You know I’m just a child in my heart –
don’t reject me like I did with you;
don’t tear my view apart,
let me see some heaven, too.
I – being done already
borne with your burdens –
am standing in the shade, ready
to watch over my curtains.
Inspire all whom I love
to have a better heart on me.
Look at my case from above
in high time this world had me.
Translated from the Hungarian poem of Attila József, “Nem emel föl” (1937).
The world is swirling to a point returning –
The hardship is harsh and boredom dooms,
The queue of people is full of loons,
Your heart is chained by the world’s harpoons.
Where’s the limit and where’s the end?
Where’s the real and the ones pretend?
Where’s the right and where’s the trend?
Will you be able turning?
As you are able learning –
You kill the voices, bring some noise,
Ignore yourself and other girls and boys,
Ignore the world that kills the joys.
But who pays the price for that act –
Facing again the painful fact
That you are just chained in a new contract,
And we’ve been only adjourning…
Curse the living since you are not yet dead,
Respect the dead since this is what they had.
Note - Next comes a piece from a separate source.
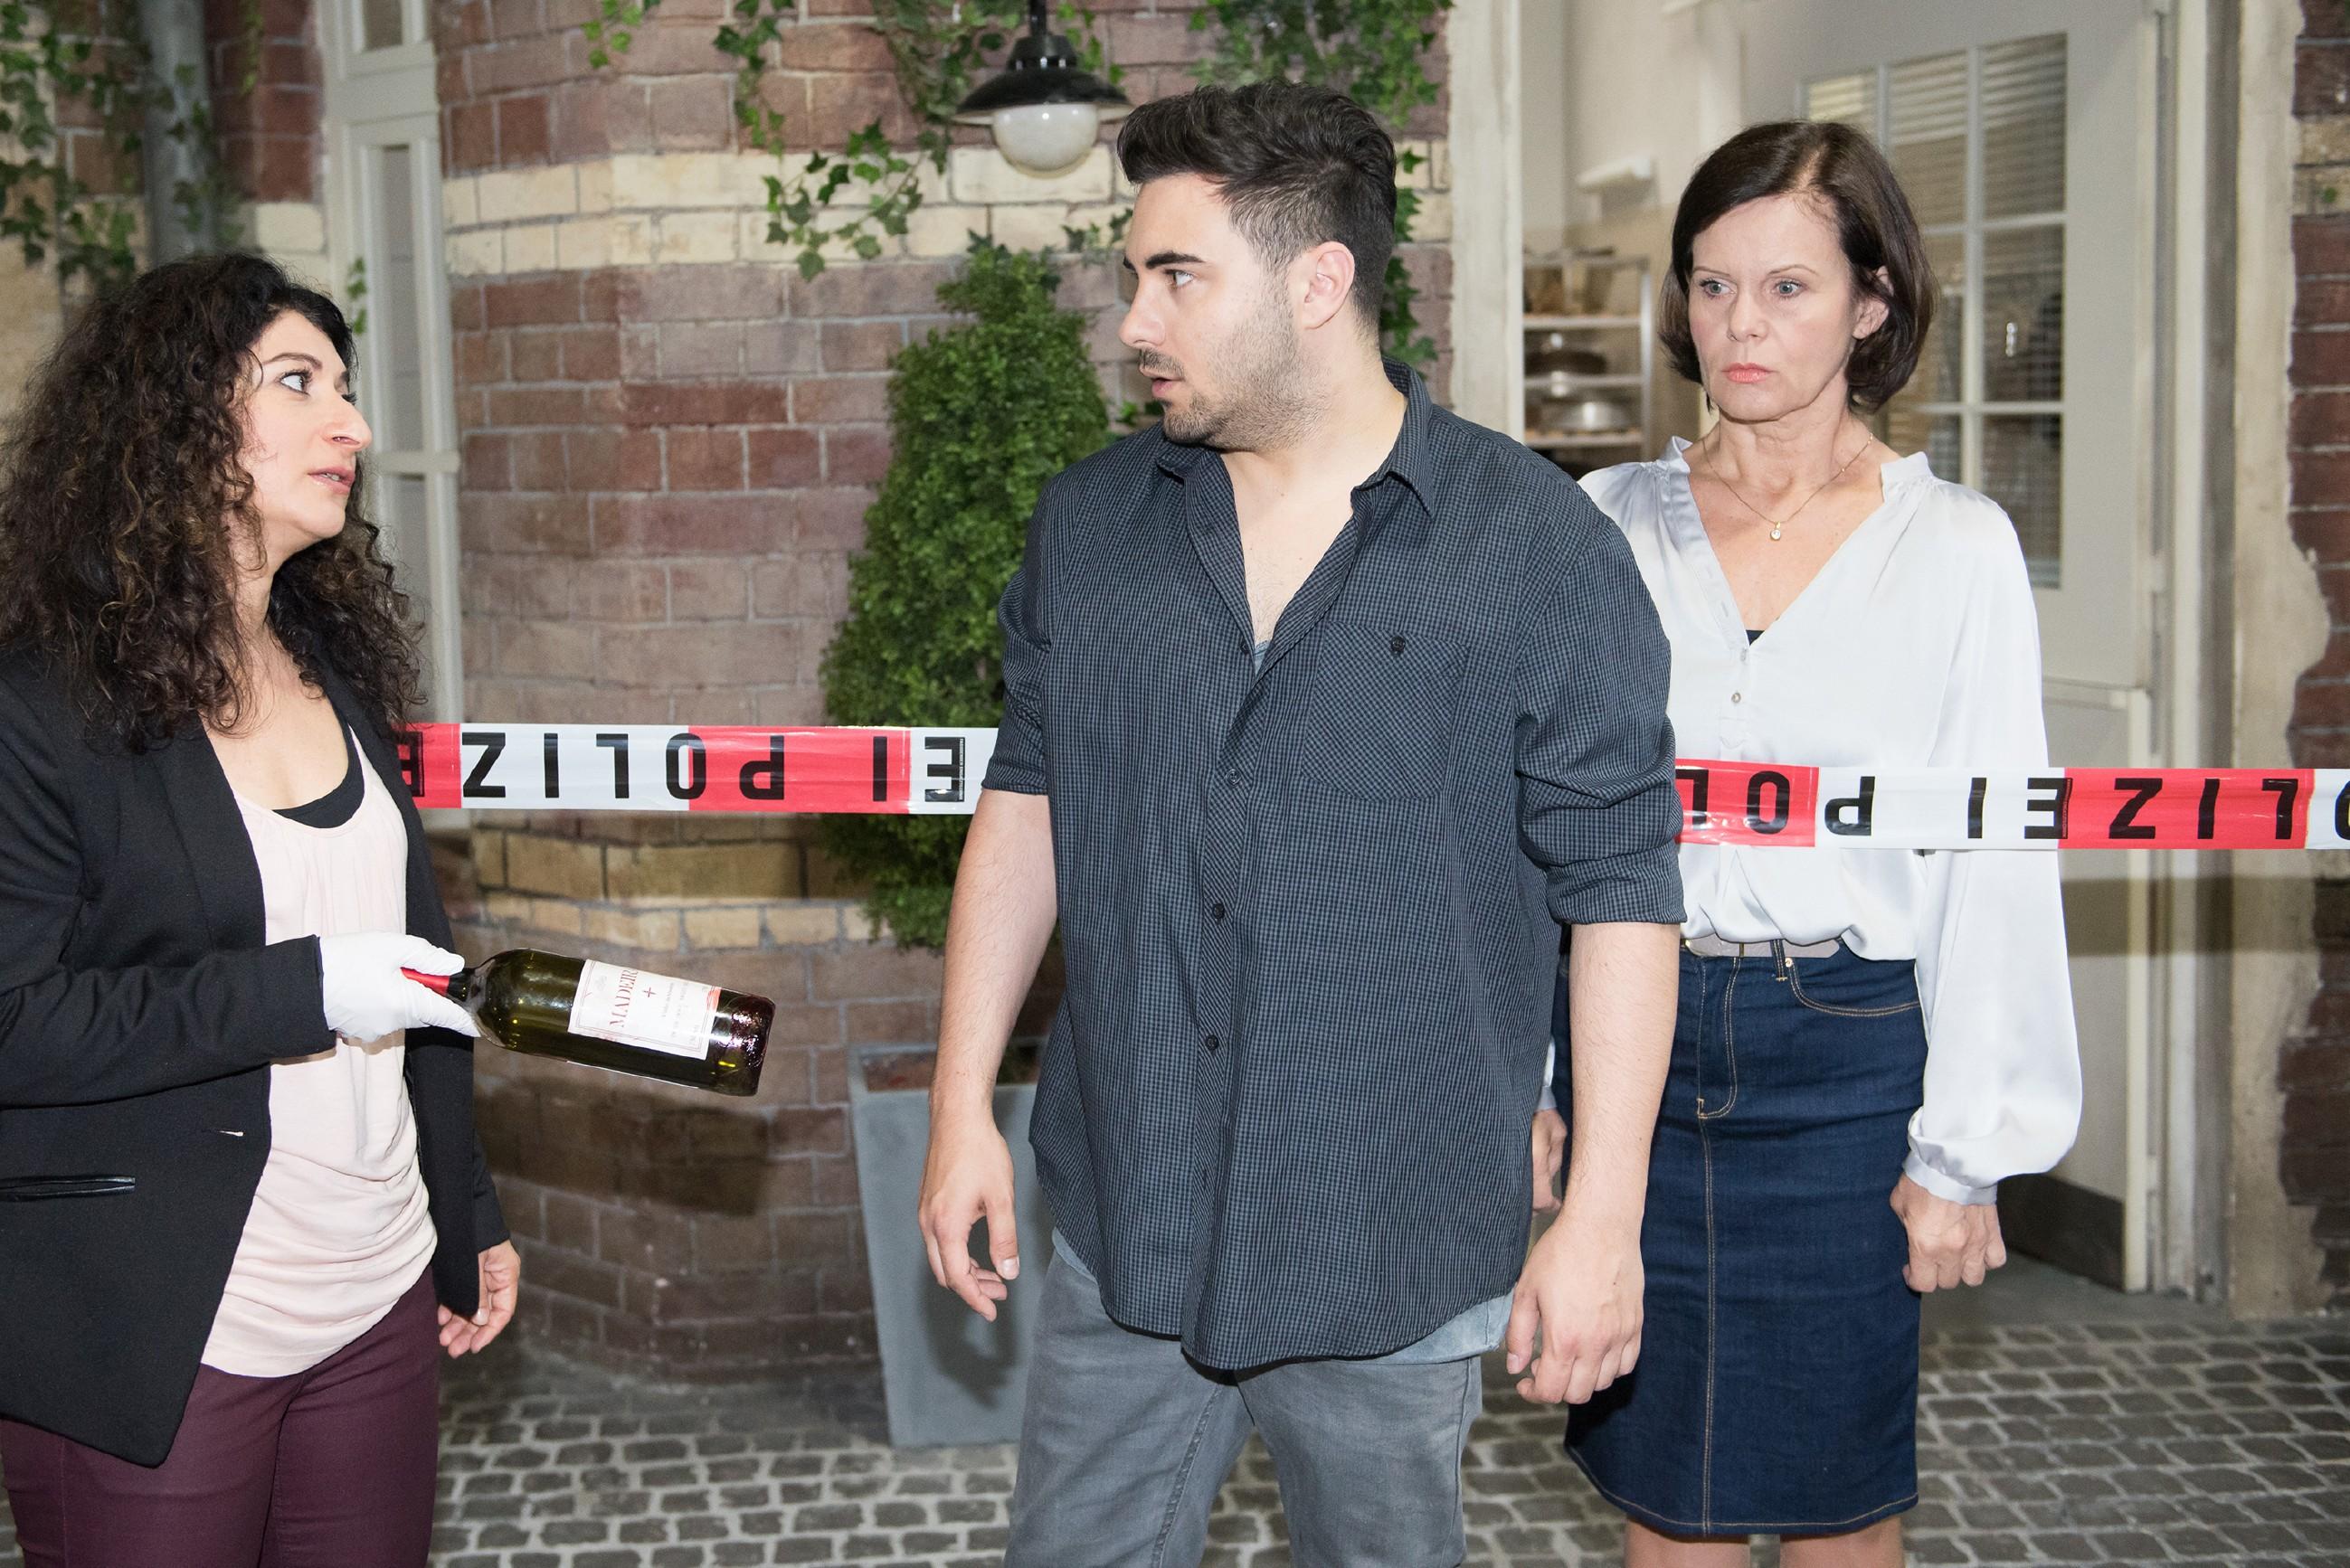 Irene (Petra Blossey, r.) bekommt mit, wie Easy (Lars Steinhöfel) durch die blutige Flasche mit Fionas Haaren in seinem Besitz von Kommissarin Yasemin Özer (Sermin Kayik) schwer belastet.

There are so many courses I could have taken,
so many paths, fighting down my traumas,
so many hearts to make my own re-awaken,
but there would be always a me…
… who has to suffer.
So, I am not mistaken that it is me…
The Martyr of My Happy Alteregos.
The smallest drop of freedom
can make a slave for ever dreaming,
the smallest drop of happiness
can make a sad one for ever grieving,
and the smallest drop of love
can make the soul for ever living
in dreams and griefs.
My childhood’s broken reality haunts past, present and future;
dark traumas turned my fate to undergo on torture –
searing and healing, then searing and healing, and never relieving;
all my bad omens keep ceaselessly repeating,
sealed into my soul from the very first till the latest hour:
I’m happy for those whom I could save from this terribly cursed power
to being able seeing the cures of all the bad times
that themselves curse my every hope all the times –
a whispered ending that’s never ending: we are all alone,
whispered, but it’s waving through all the wall
that could separate a broken reality’s dope
from a seeding soil so real that it’s even deceiving, saying: there’s a hope.
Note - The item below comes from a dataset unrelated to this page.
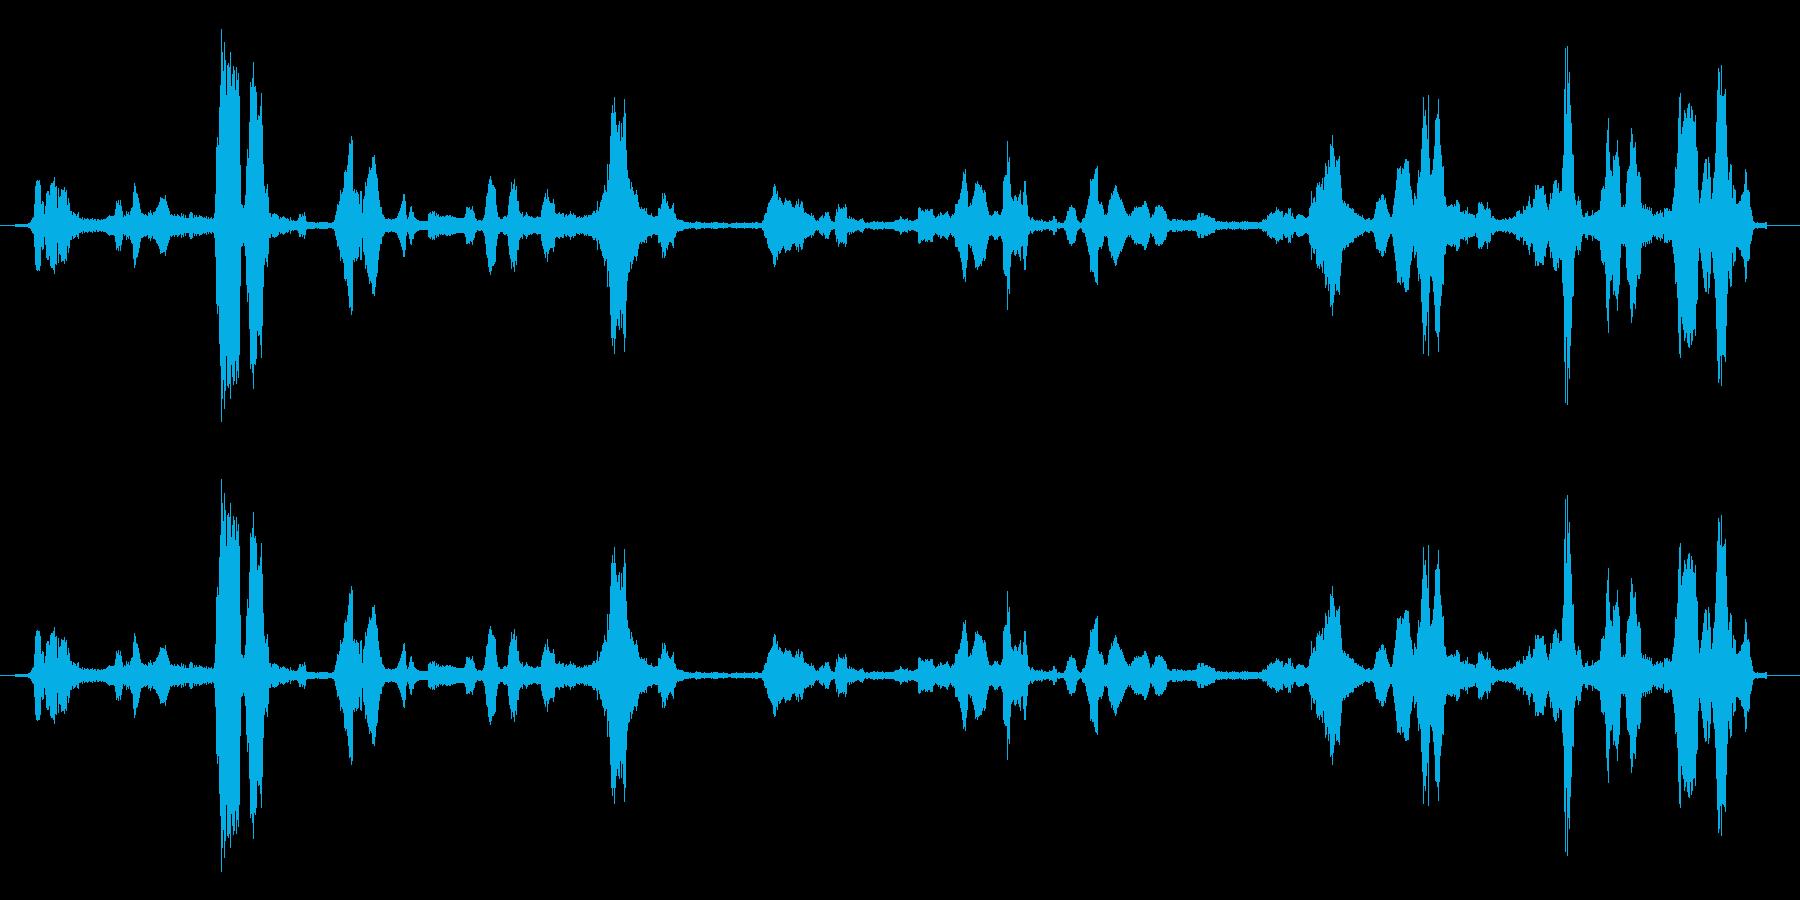 重い無線通信の干渉の再生済みの波形

Once, I told you I wished we were free to our will
to be together as I do want it still –
without made up social contracts as religions;
what does love do with ruling nations?
Meeting you was fate of coincidences, that
we were sharing in life the same debt
from our parents and ancestors, the curse
that we cannot be good, only worse.
I’ve almost accepted the curse as my nature
when I met your highly pure feature
to learn, and go, not to giving up to learn,
but our demons led to give up to earn.
Breaking under hardship, seduction and pride,
concepts of dignity, the weak human mind –
I don’t know what could push us away so far;
but both of us stopped fighting who we are.
“If we met in a bar”, “if I could turn back time”,
“returning seven years old, would I do the same crime?” –
such questions pop up with no sense of reality
because we have but pictures, then we see through our cavity.
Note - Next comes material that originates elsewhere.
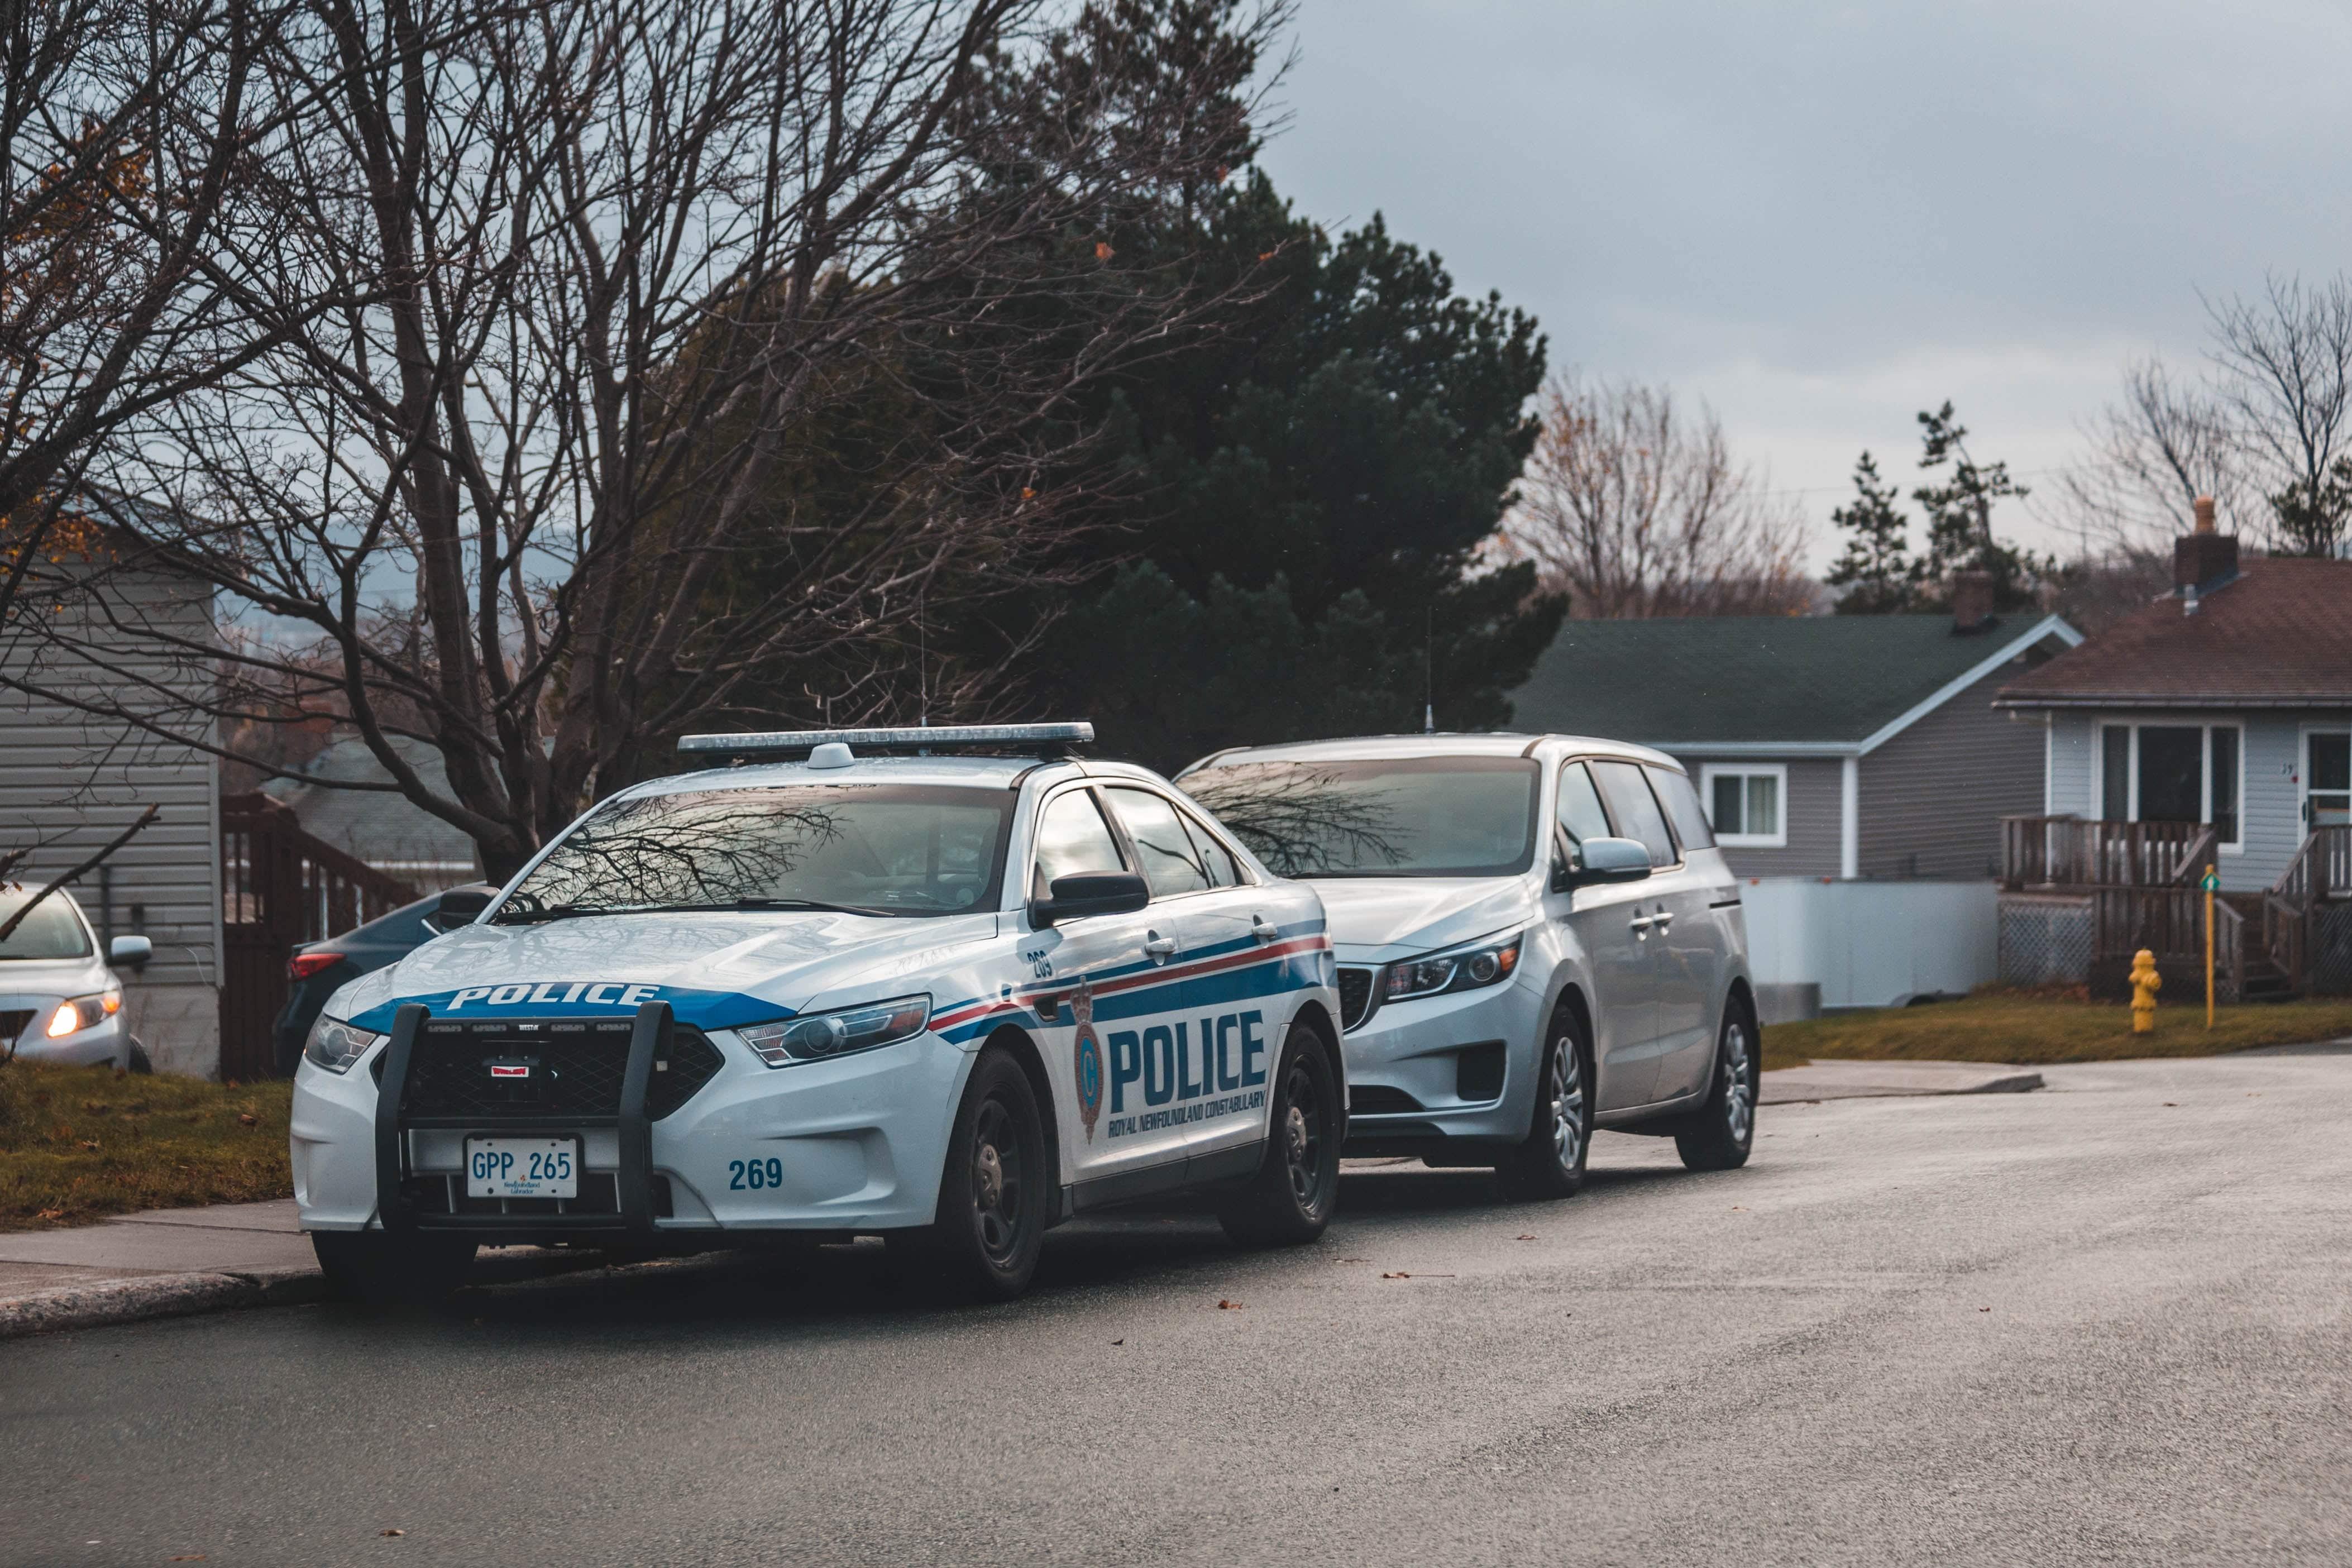 Nación Cannabis | Florida: Policía utiliza pruebas de laboratorio para delitos sobre cannabis

We believed it’s over – even if I didn’t and don’t wish so,
call it martyrdom, dignity – I don’t think so;
we just gave up on reality that we both adored;
and now we are living hell for it with no reward at all.
How much suffering, a mortal soul could bear
until recognizing that forgiveness is our divine elixir;
forgiving for giving up on us, forgetting the pain –
just like a wicked god-story; repent or suffer in vain.